Question

A4.5 cm of length of needle placed perpendicular to the principal axis 12 cm away from the convex mirror of focal length 15cm give the magnitude of size of the image of the needle​

Answer 1

Given that,

Size of the needle, h = 4.5 cm

Object distance, u = -12 cm (negative by convention)

Focal length of the convex mirror, f = +15 cm

To find,

The magnitude of size of the image of the needle​.

Solution,

Firstly, let's find the image distance v using mirror's formula such that,

$\dfrac{1}{v}+\dfrac{1}{u}=\dfrac{1}{f}\\\\\dfrac{1}{v}=\dfrac{1}{f}-\dfrac{1}{u}\\\\\dfrac{1}{v}=\dfrac{1}{15}-\dfrac{1}{(-12)}\\\\v=6.7\ cm$

The object is placed at a distance of 6.7 cm.

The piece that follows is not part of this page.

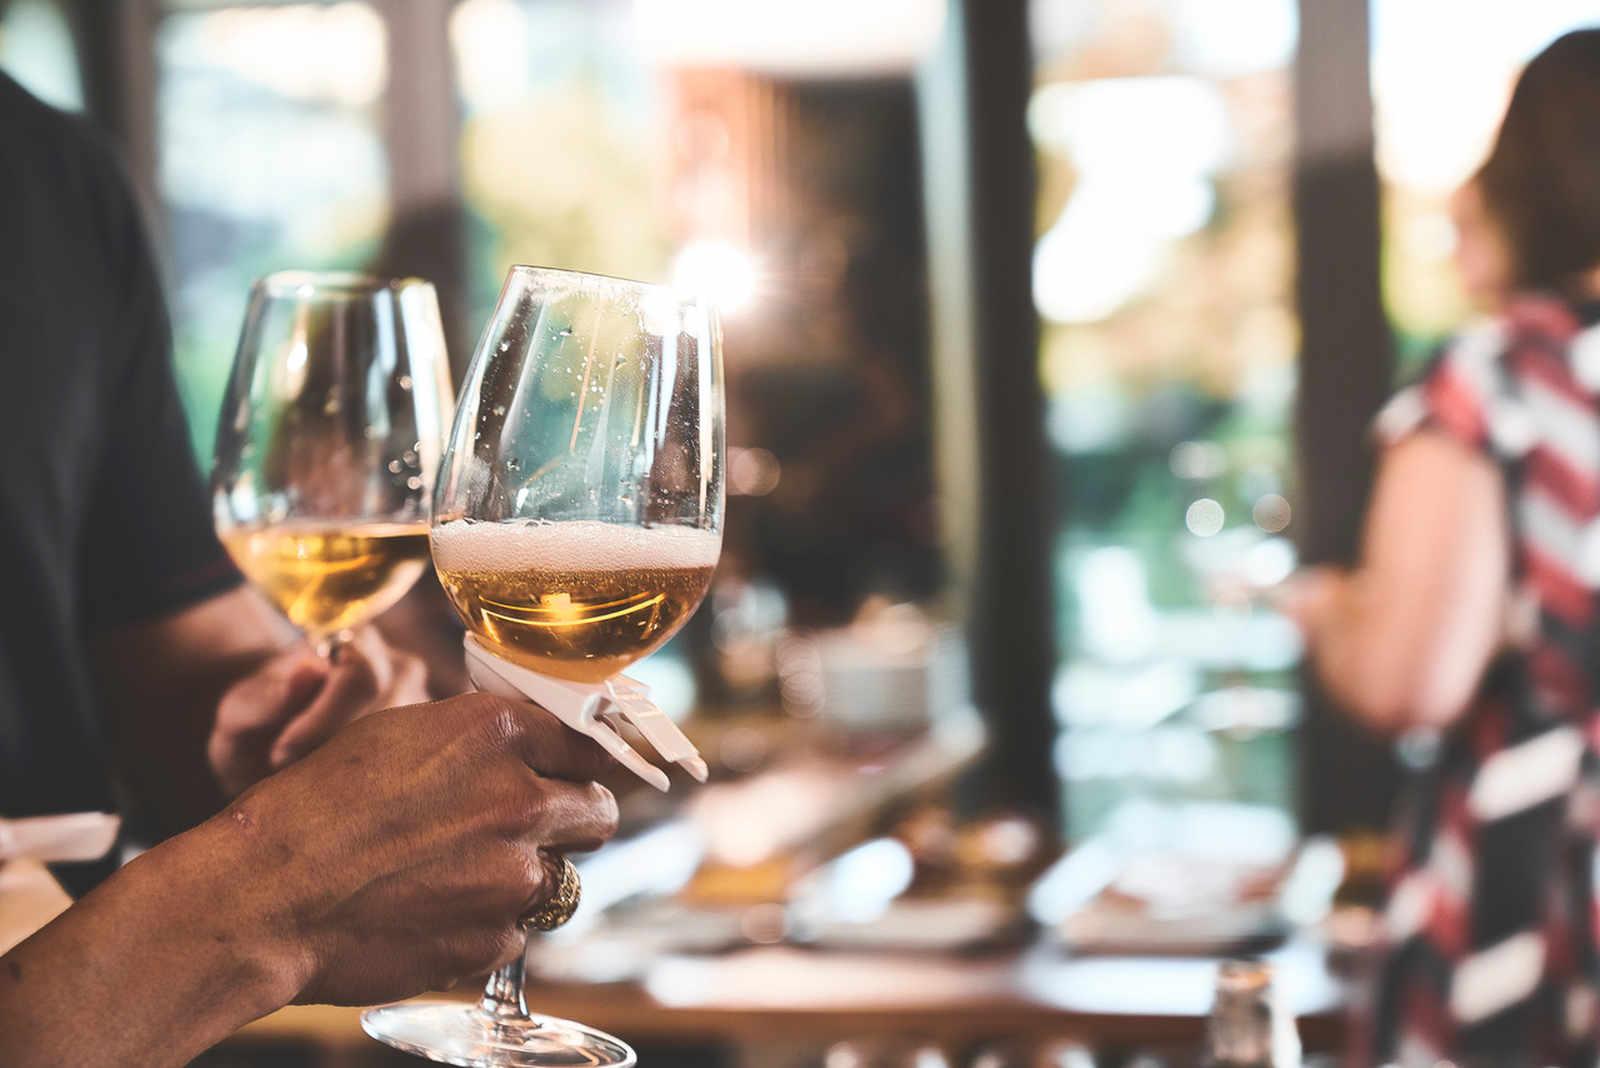 Portuguese wines at Torel Avantgarde restaurant
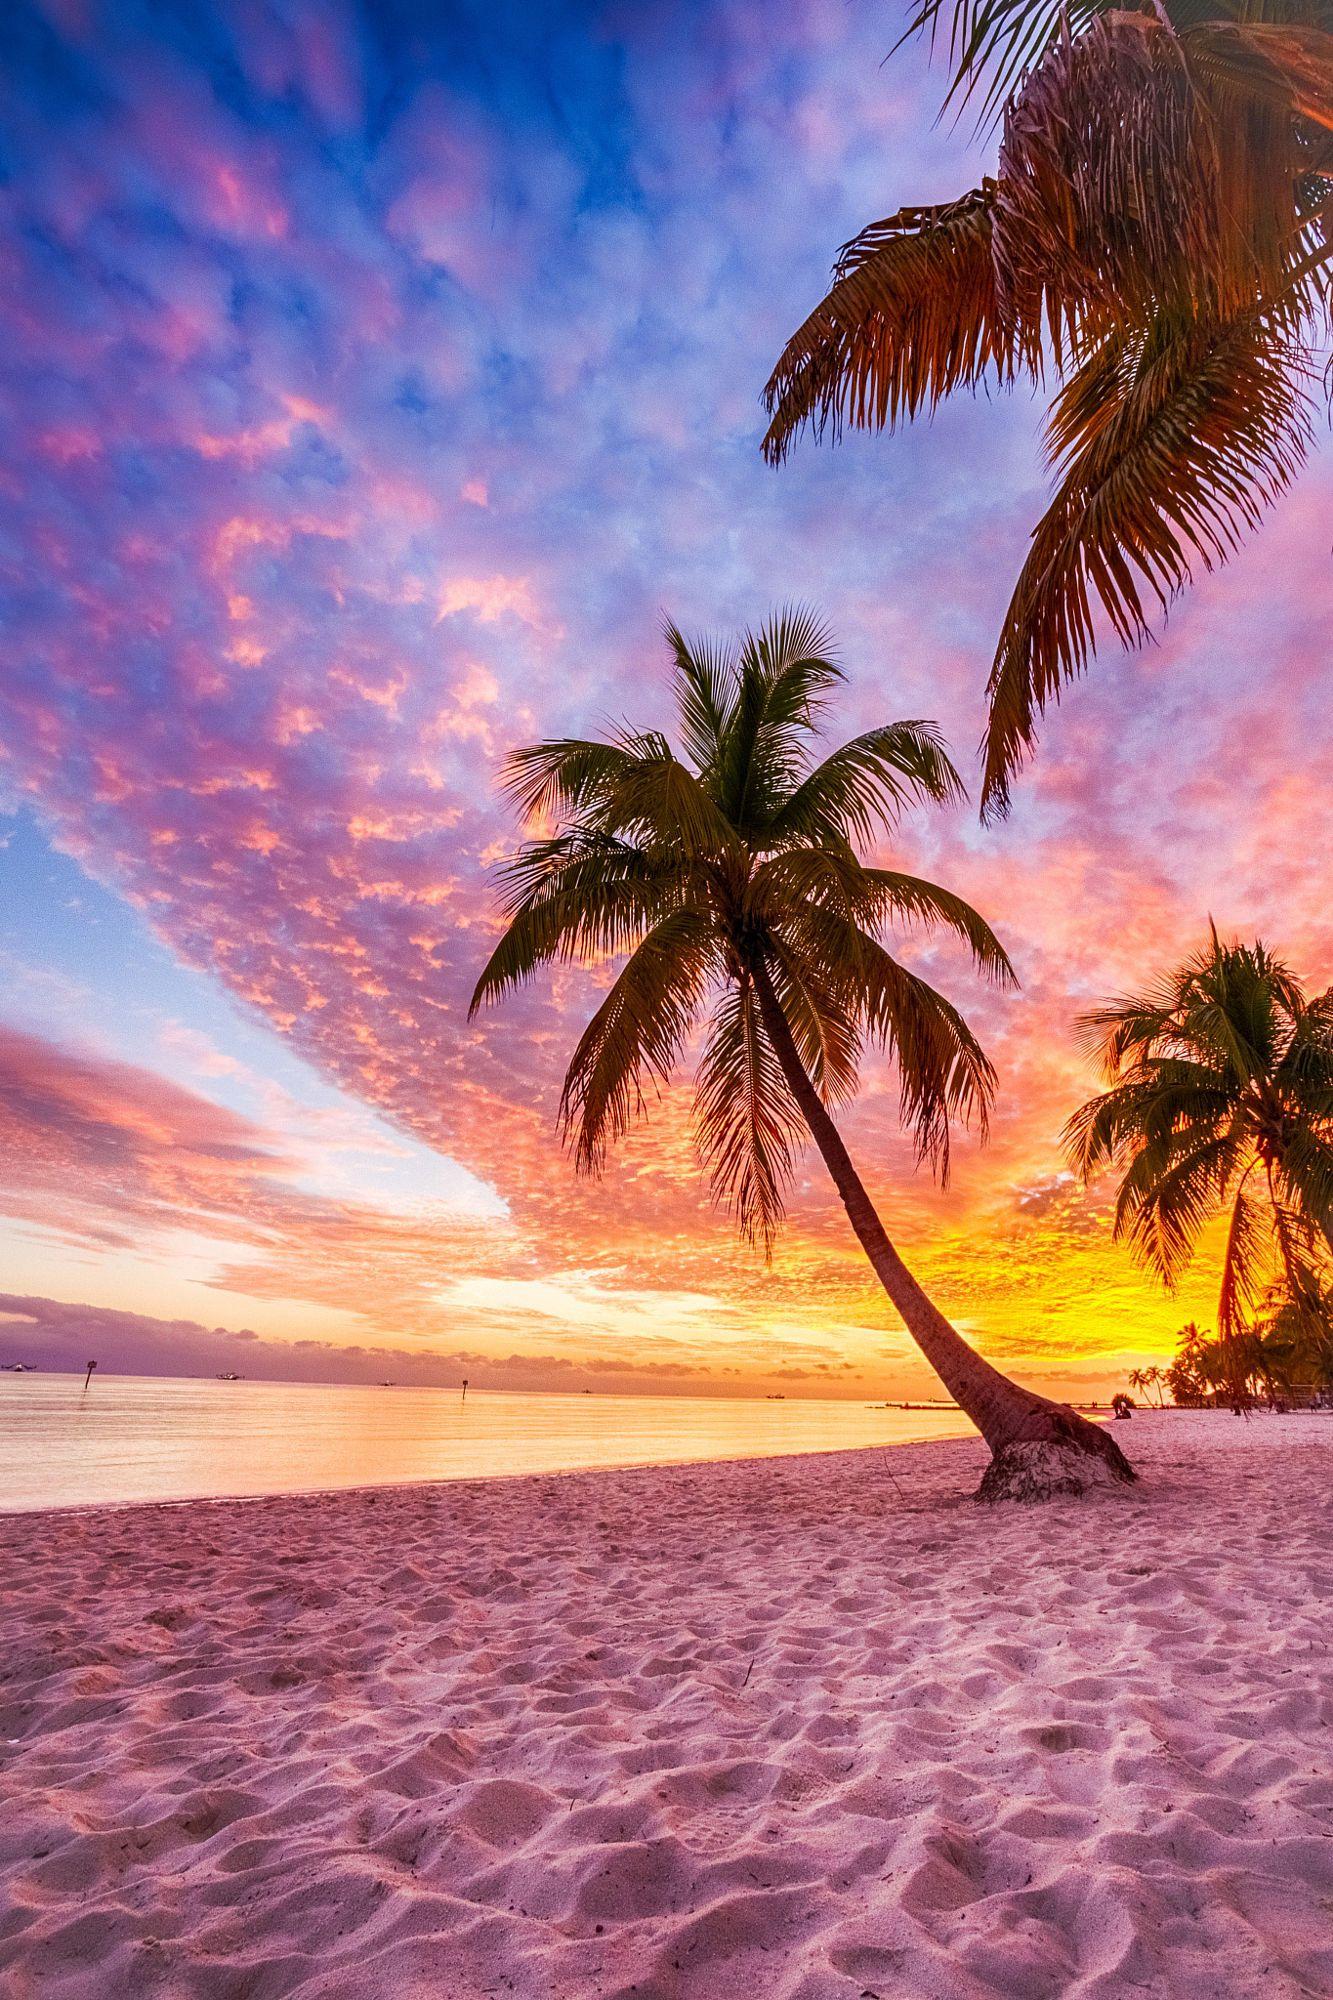 Captured This Shot Of Sunset At Keywest Florida

Let h' is the size of the image of the needle. Using formula of magnification,

$m=\dfrac{-v}{u}=\dfrac{h'}{h}\\\\h'=\dfrac{-vh}{u}\\\\h'=\dfrac{-6.7\times 4.5}{-12}\\\\h'=2.51\ cm$

So, the height of the image of the needle is 2.51 cm.

Answer 2

Hola ⚘⚘

Answer:

• 2.51 cm

Explanation:

Given:

• Size of the needle = 4.5 cm
• Object distance = -12 cm
• Focal length of the convex mirror = +15 cm

Tofind:

• The magnitude of size of the image of the needle

Calculation:

• 1/v + 1/u = 1/f

>> 1/v = 1/f - 1/u

>> 1/u = 1/15 - 1/(-12)

>> v = 6.7 cm

• m = -v/u = h'/h

>> h' = -vh/u

>> h' = -6.7×4.5/-12

>> h' = 2.51 cm

hence, height of the image of the needle is 2.51 cm